### What you need to do:
The material below is to be copied exactly from the line with "Стрижка каре на" up to and including the line with "Realisation Dune Affiche", with nothing else kept and no pictures.

### Input data:
════

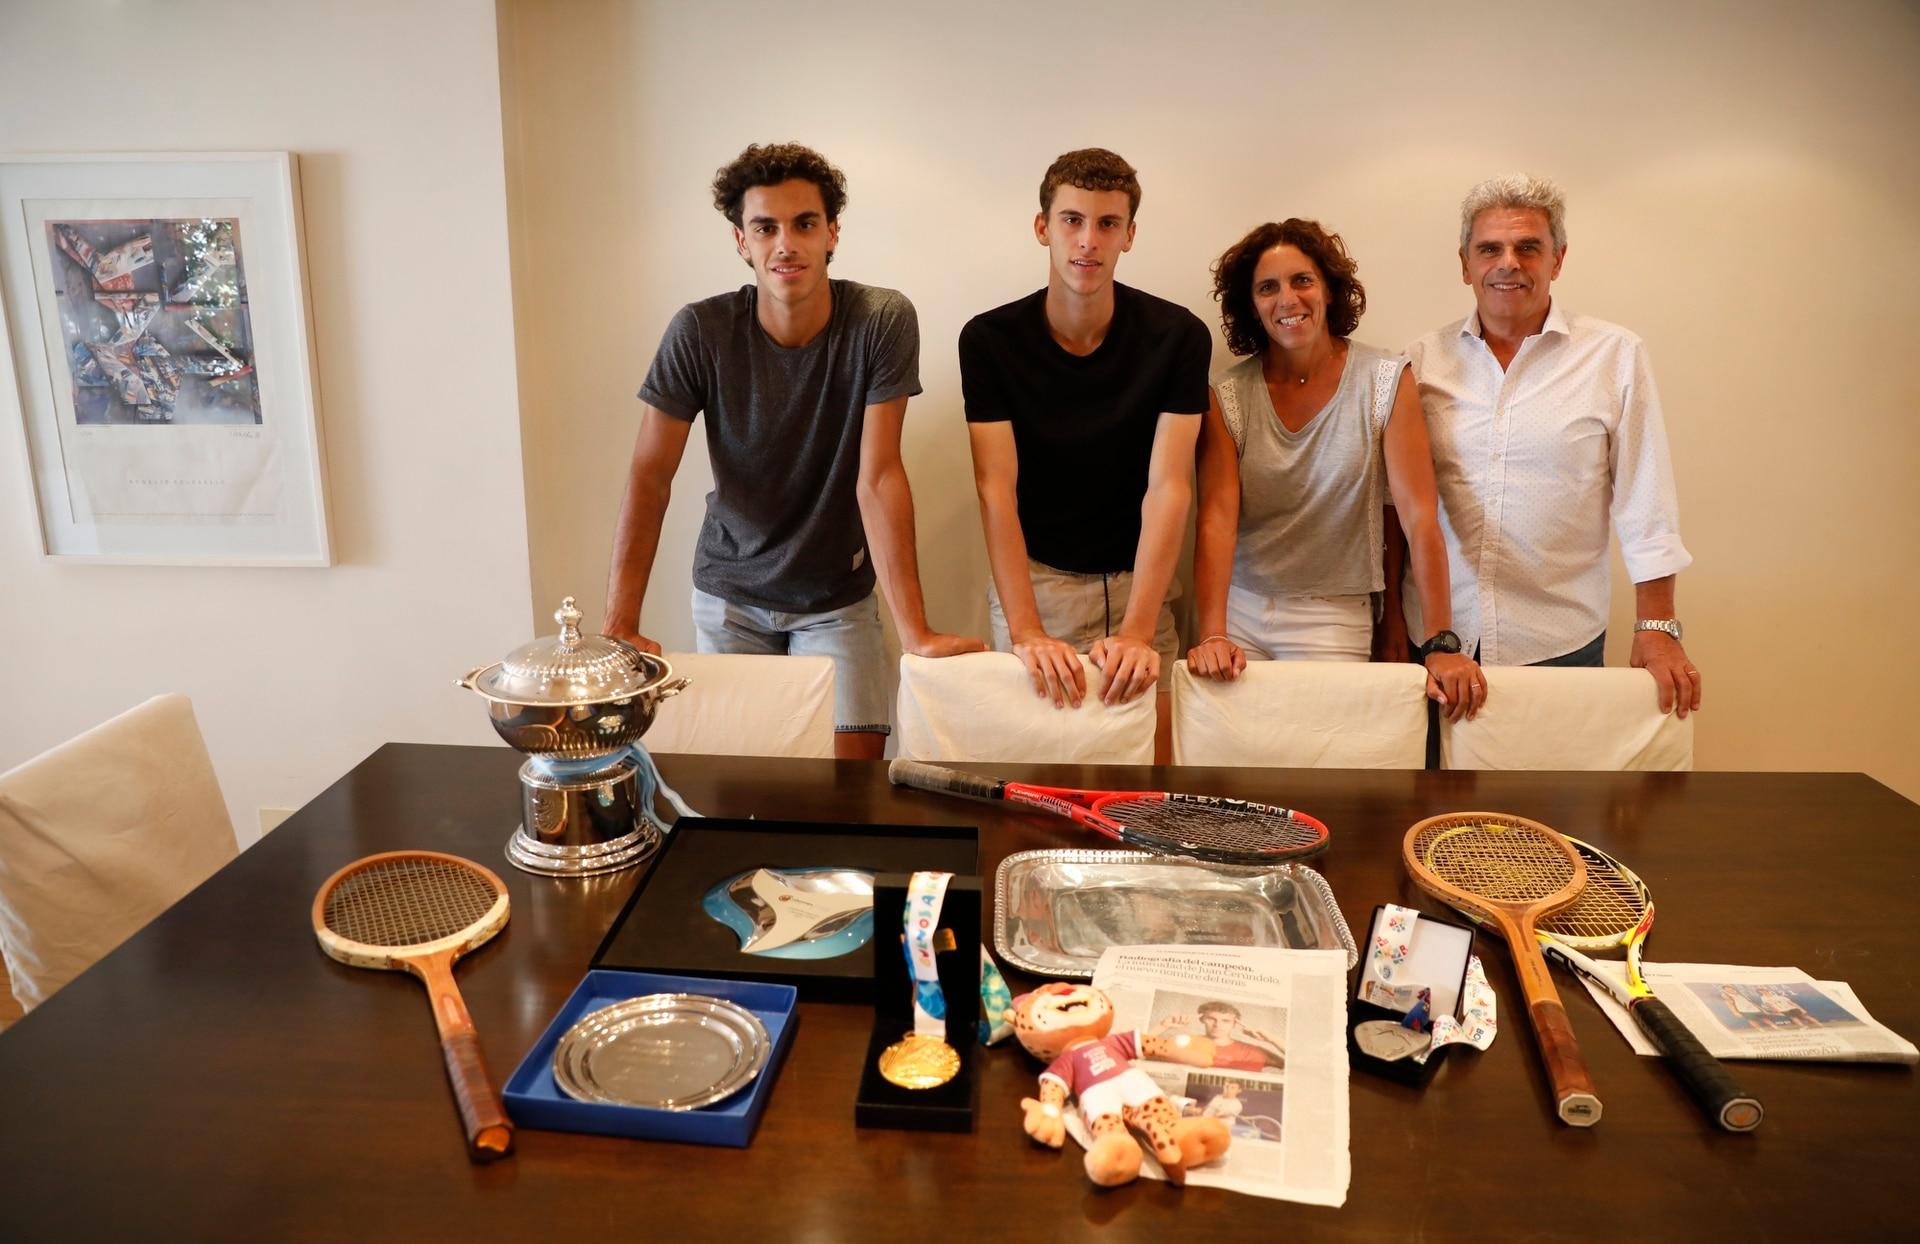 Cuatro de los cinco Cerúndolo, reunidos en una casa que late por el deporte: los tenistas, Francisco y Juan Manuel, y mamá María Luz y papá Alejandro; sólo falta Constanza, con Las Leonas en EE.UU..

════

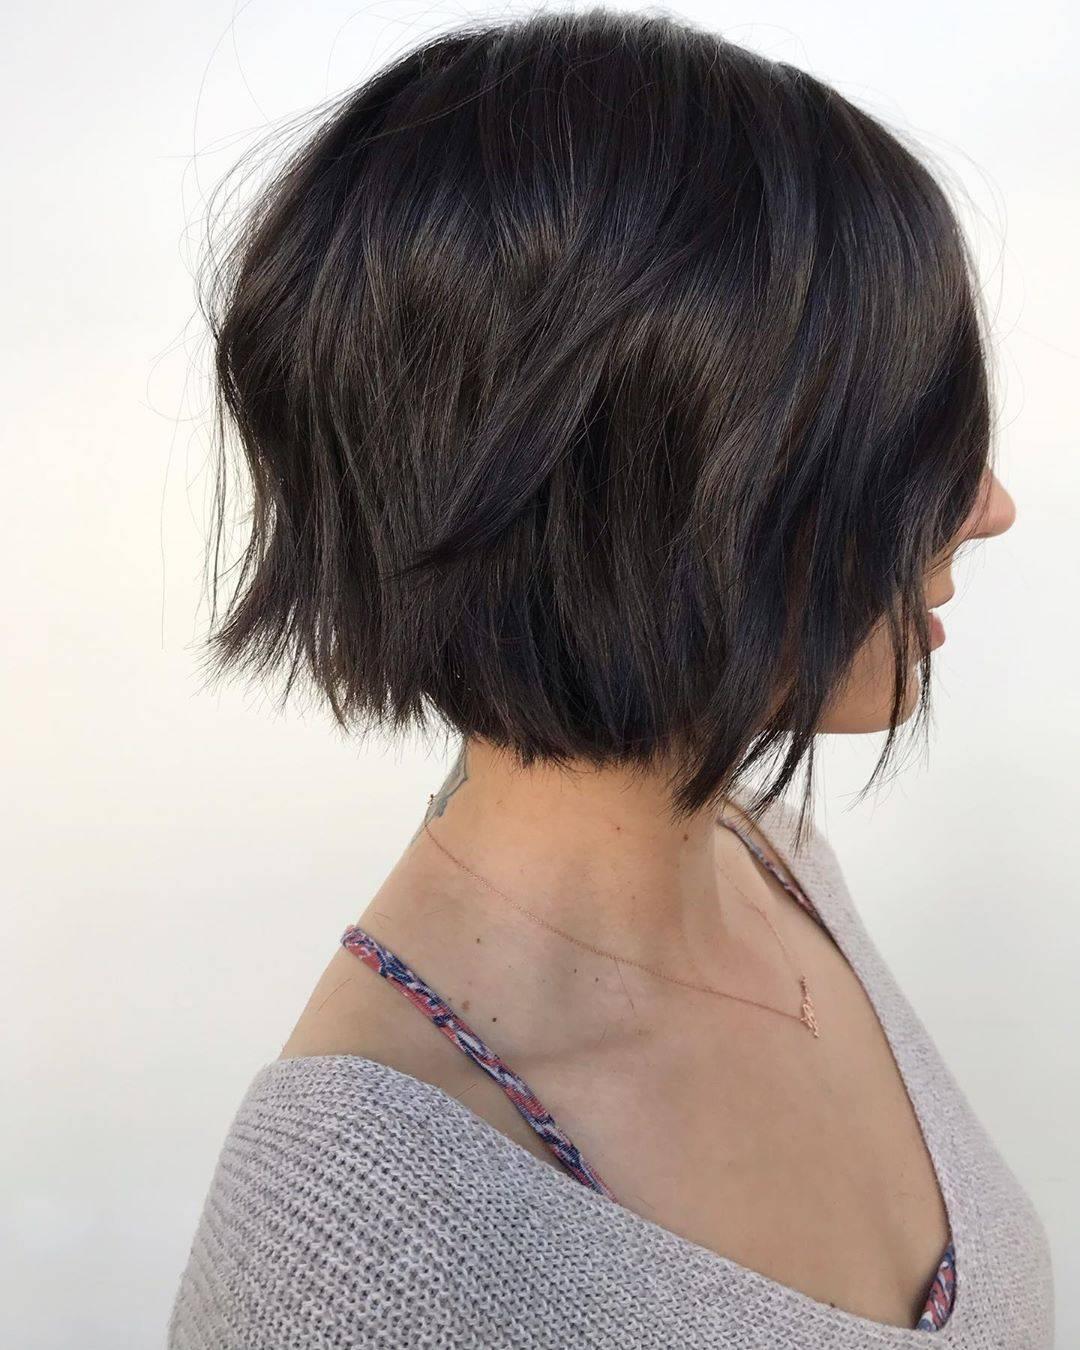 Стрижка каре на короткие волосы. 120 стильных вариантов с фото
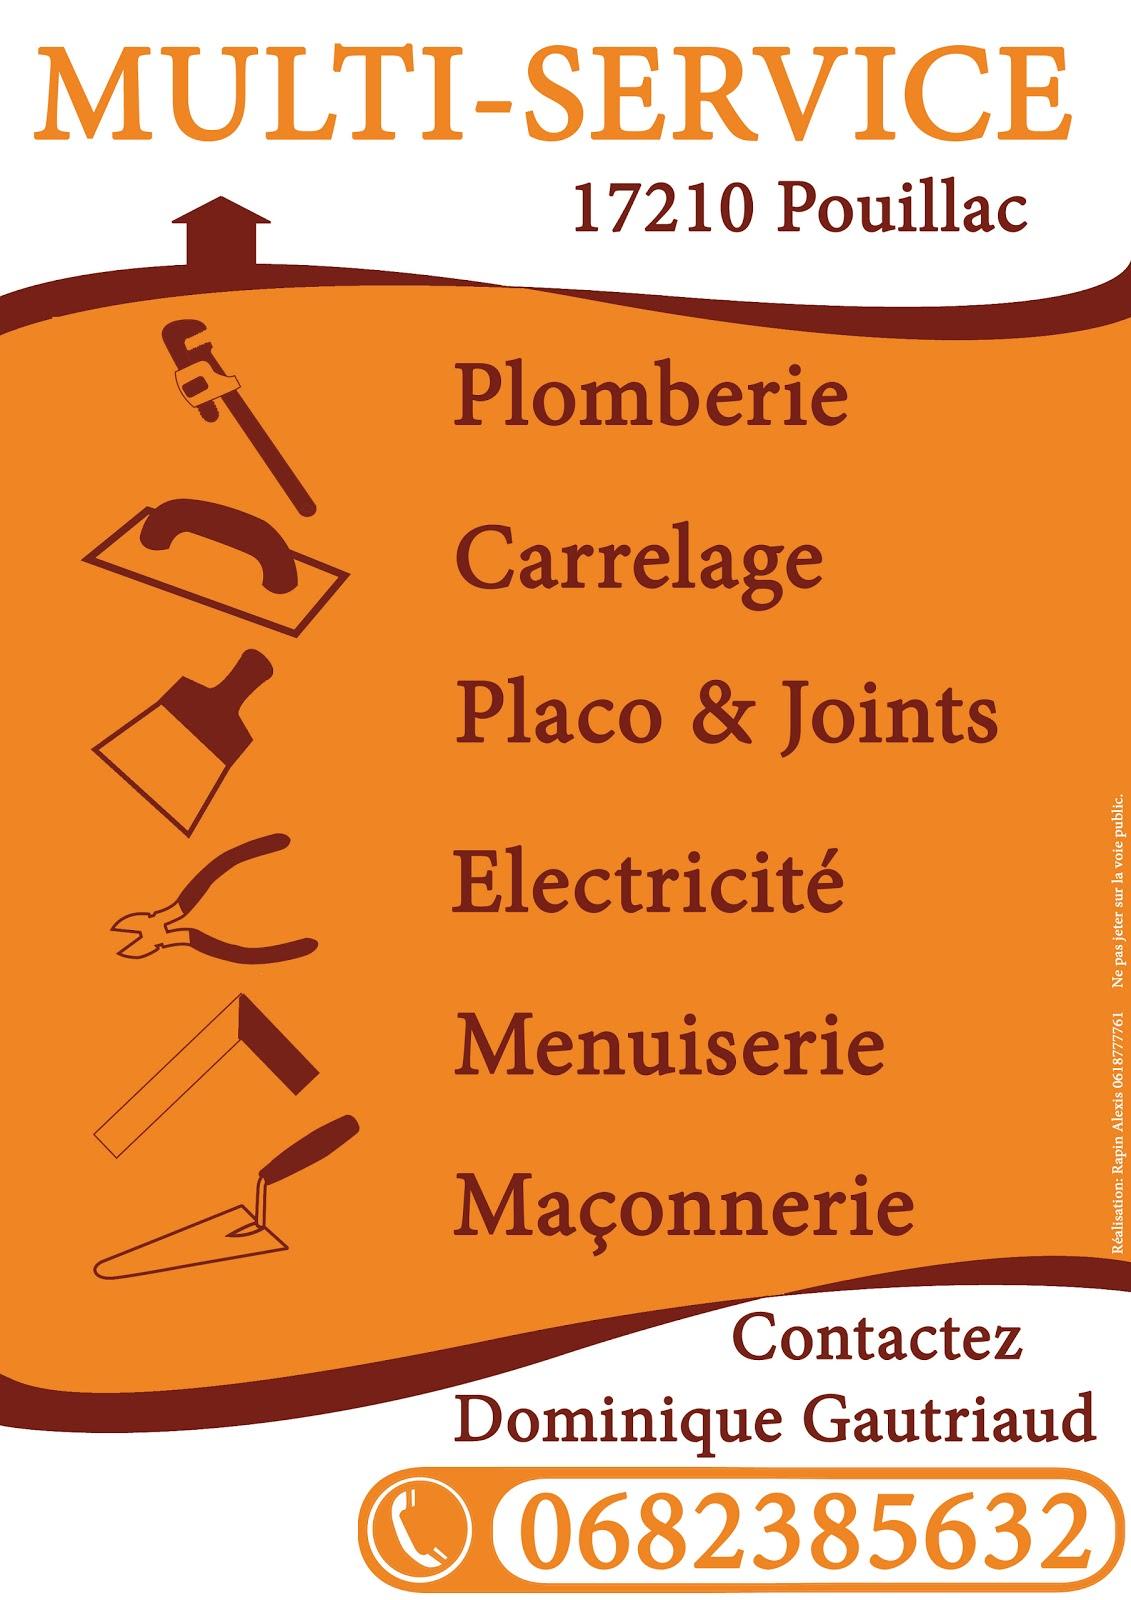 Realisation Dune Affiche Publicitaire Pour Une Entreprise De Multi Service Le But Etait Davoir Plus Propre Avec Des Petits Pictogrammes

════

### Solution:
 Стрижка каре на короткие волосы. 120 стильных вариантов с фото
 Realisation Dune Affiche Publicitaire Pour Une Entreprise De Multi Service Le But Etait Davoir Plus Propre Avec Des Petits Pictogrammes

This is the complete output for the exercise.